This is a problem I brought along to the WICSxACM Technical Interview Prep workshop on 13 January 2020. It is also available at bit.ly/integer-replacement.

## Problem Description

Source: LeetCode 397

Given a positive integer \(n\), you can perform the following operations:

- If \(n\) is even, replace \(n\) with \(n/2\)
- If \(n\) is odd, replace \(n\) with either \(n + 1\) or \(n - 1\)

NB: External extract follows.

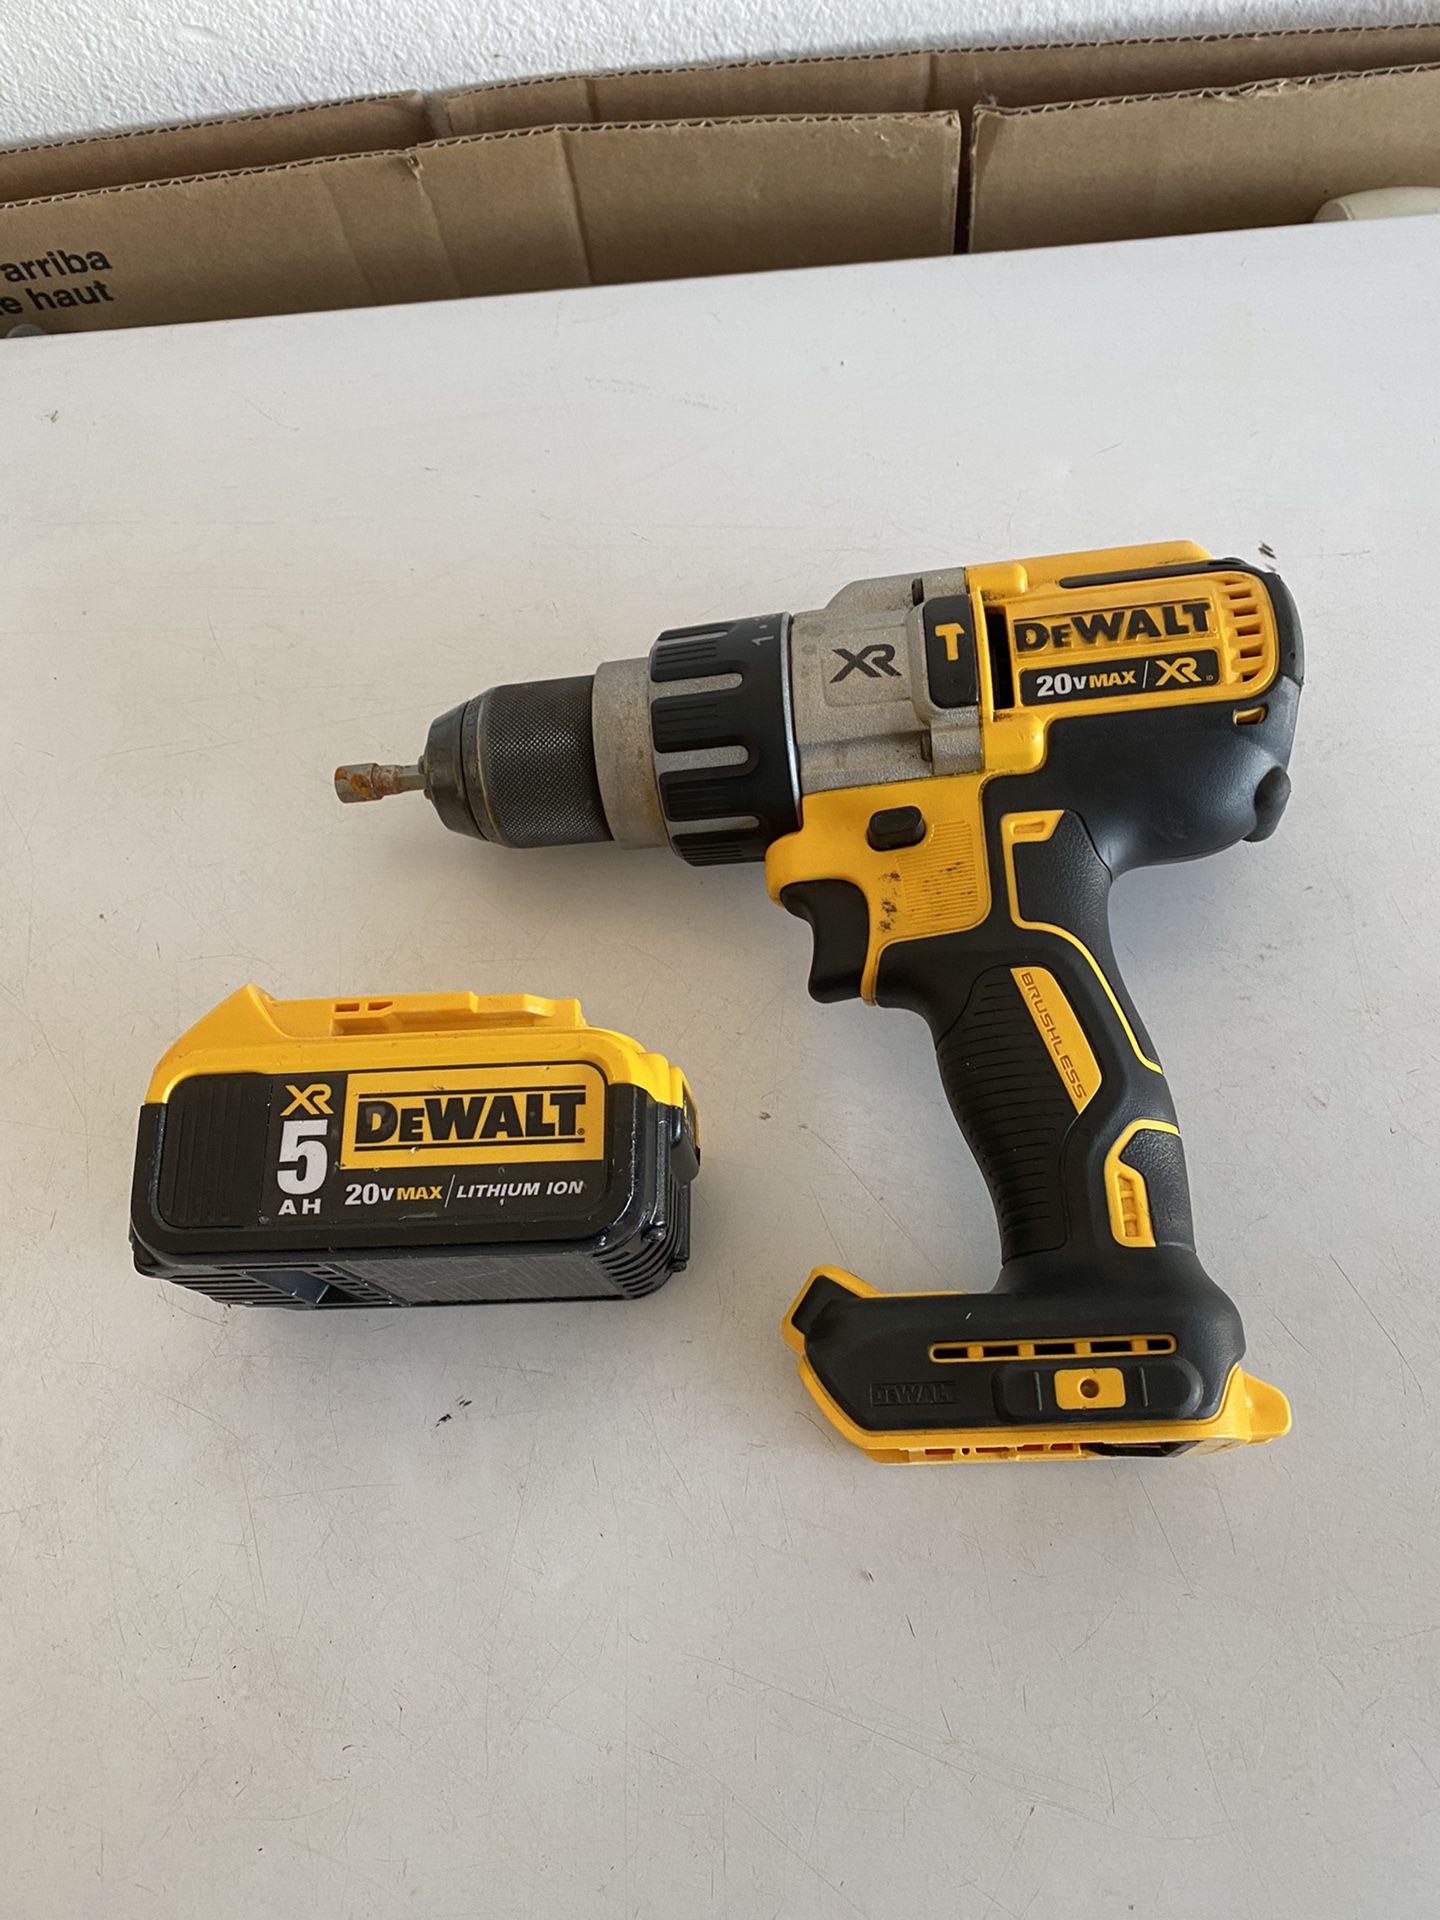 Dewalt drill batery but no charger
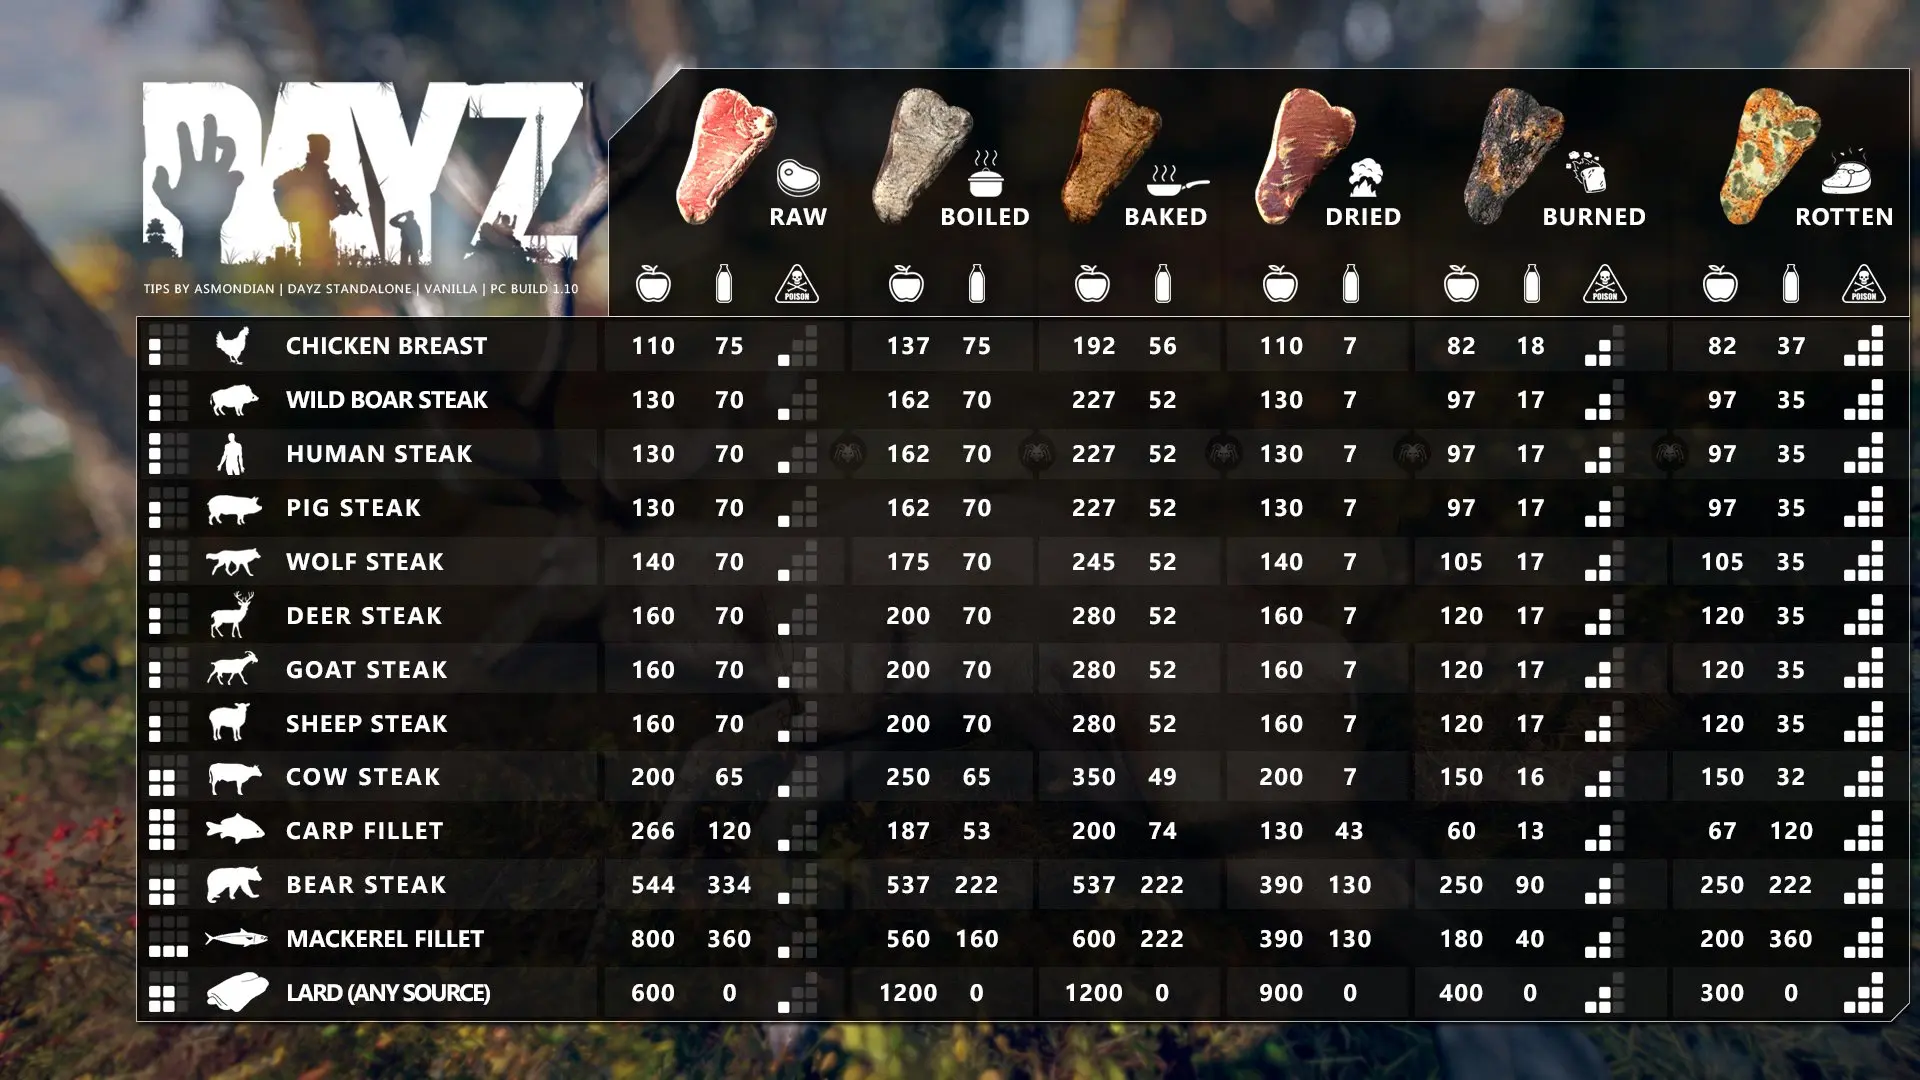 dayz how long does smoked meat last - How long does it take for meat to go bad in DAYZ

What is the minimum number of replacements needed for \(n\) to become \(1\)?

## Hints

- The initial temptation is to go for a fancy, math-based \(O(1)\) solution, but there are more general approaches that will increase your chances of actually coming up with a solution. What are some other approaches you can think of?
- How can you think of the problem as a graph? (For this workshop, I know there have been quite a few other graph problems, so this will be fresh in your mind.)

## Solution

I have implemented one possible solution to the problem. I chose to use C++ because it is the language I prefer to use in interviews. Python makes things too easy. IMHO interviewers will want to see your implementation skills, and C++ is the way to do that. Of course, this will vary on a case-by-case basis. Some companies mainly use Python and will want to interview you in Python, for instance.

### Approach 1: BFS

This solution was suggested in the Hints. The idea is to think of the numbers as a graph, where each number is a node and there are edges connecting each node \(x\) to \(x/2\) if \(x\) is even, or to \(x + 1\) and \(x - 1\) if \(x\) is odd. We can then perform a BFS (Breadth-First Search) on the graph to find the length of the shortest path from \(n\) to \(1\).

- Time complexity: \(O(n)\) – we can only encounter numbers in the range \([1, 2n]\) since if you reach \(2n\), you wasted a bunch of steps because \(2n\) can just be divided by \(2\) to get \(n\). Since we never visit the same number twice, the time complexity is \(O(2n) = O(n)\)
- Space complexity: \(O(n)\) – same reason as above.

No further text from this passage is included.